= Problem requirements =
Restate the listing below word for word; no pictures belong in the copy.

= Input data =
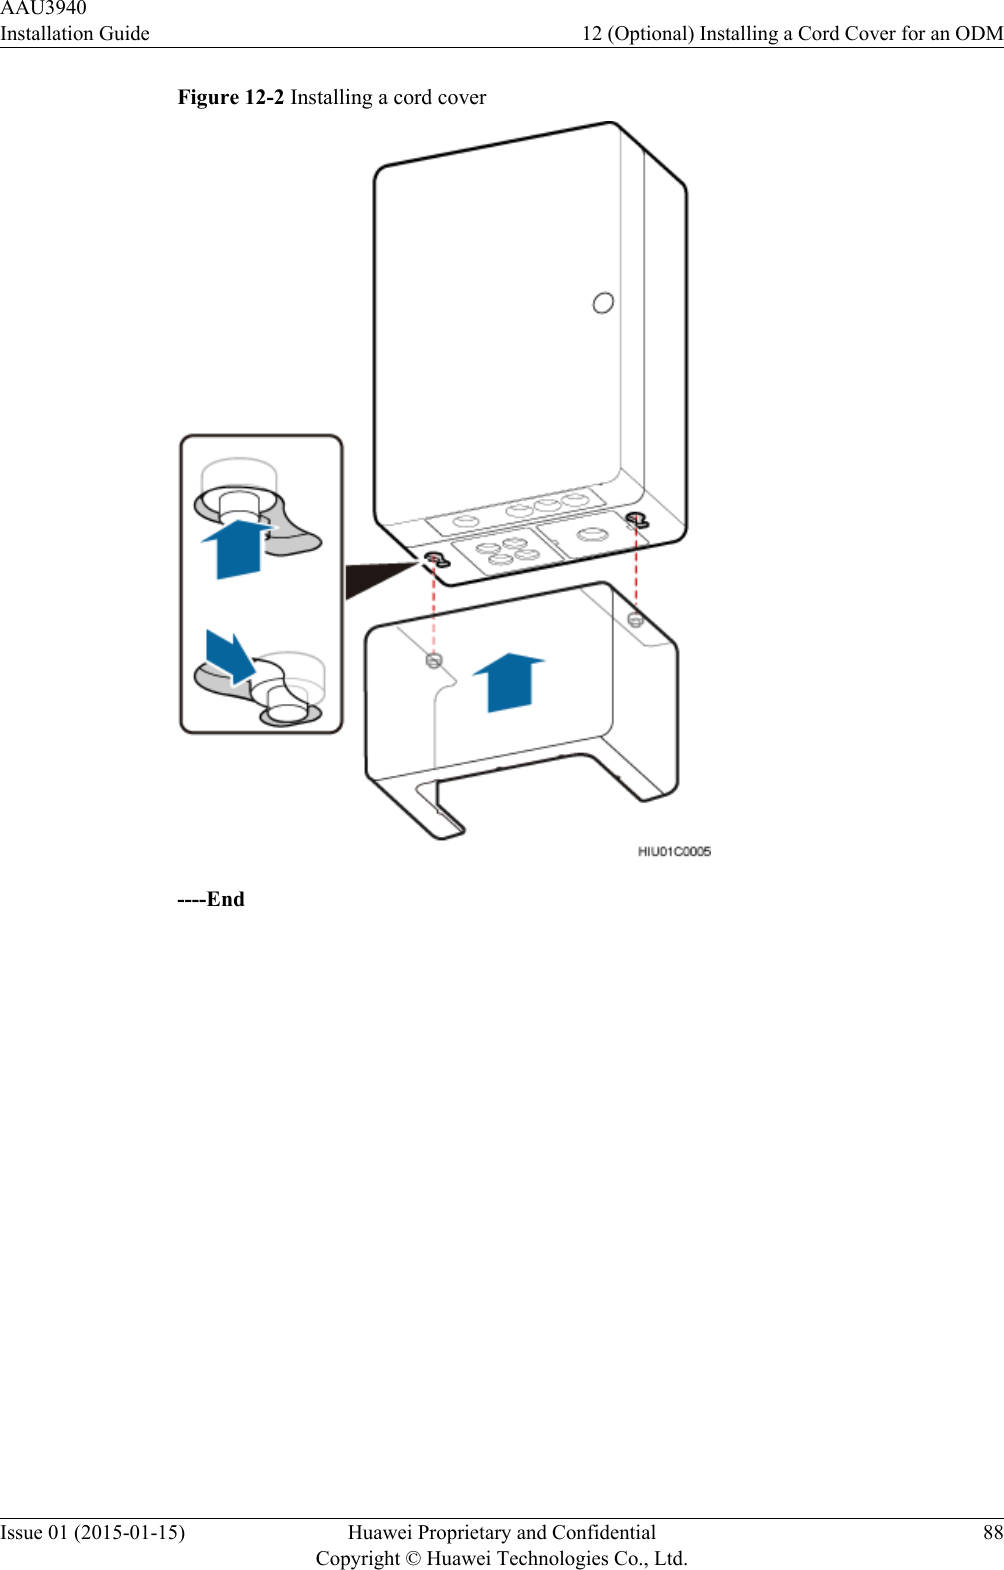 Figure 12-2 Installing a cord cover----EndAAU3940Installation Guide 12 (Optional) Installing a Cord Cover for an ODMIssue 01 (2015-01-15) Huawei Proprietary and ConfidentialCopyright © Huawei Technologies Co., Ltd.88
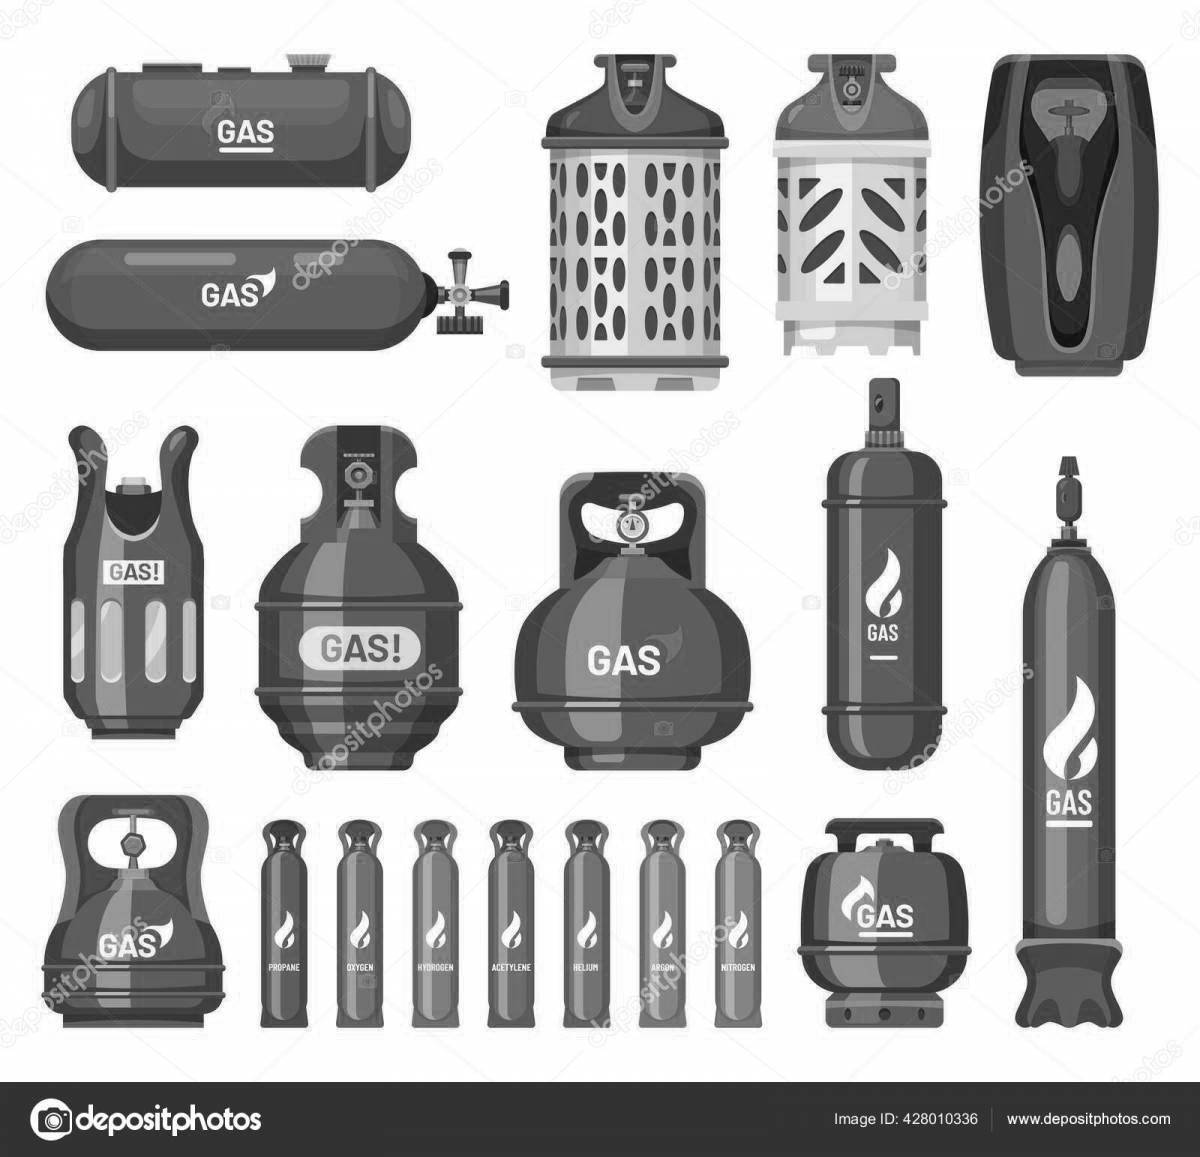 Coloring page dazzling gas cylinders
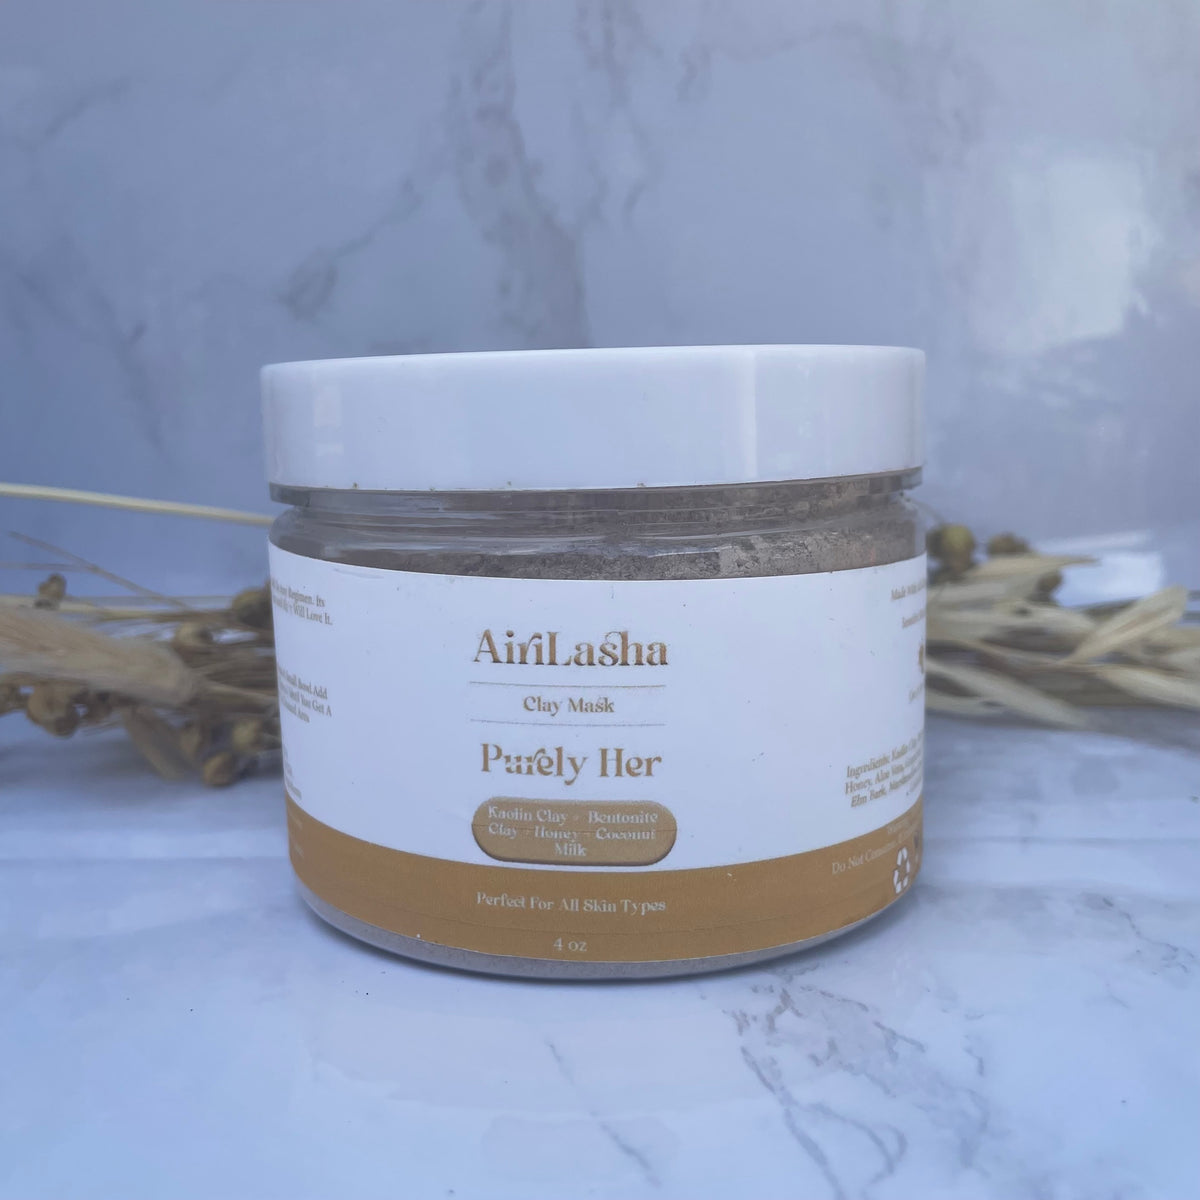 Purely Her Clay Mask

= Written solution =
 Figure 12-2 Installing a cord cover----EndAAU3940Installation Guide 12 (Optional) Installing a Cord Cover for an ODMIssue 01 (2015-01-15) Huawei Proprietary and ConfidentialCopyright © Huawei Technologies Co., Ltd.88
 Coloring page dazzling gas cylinders
 Purely Her Clay Mask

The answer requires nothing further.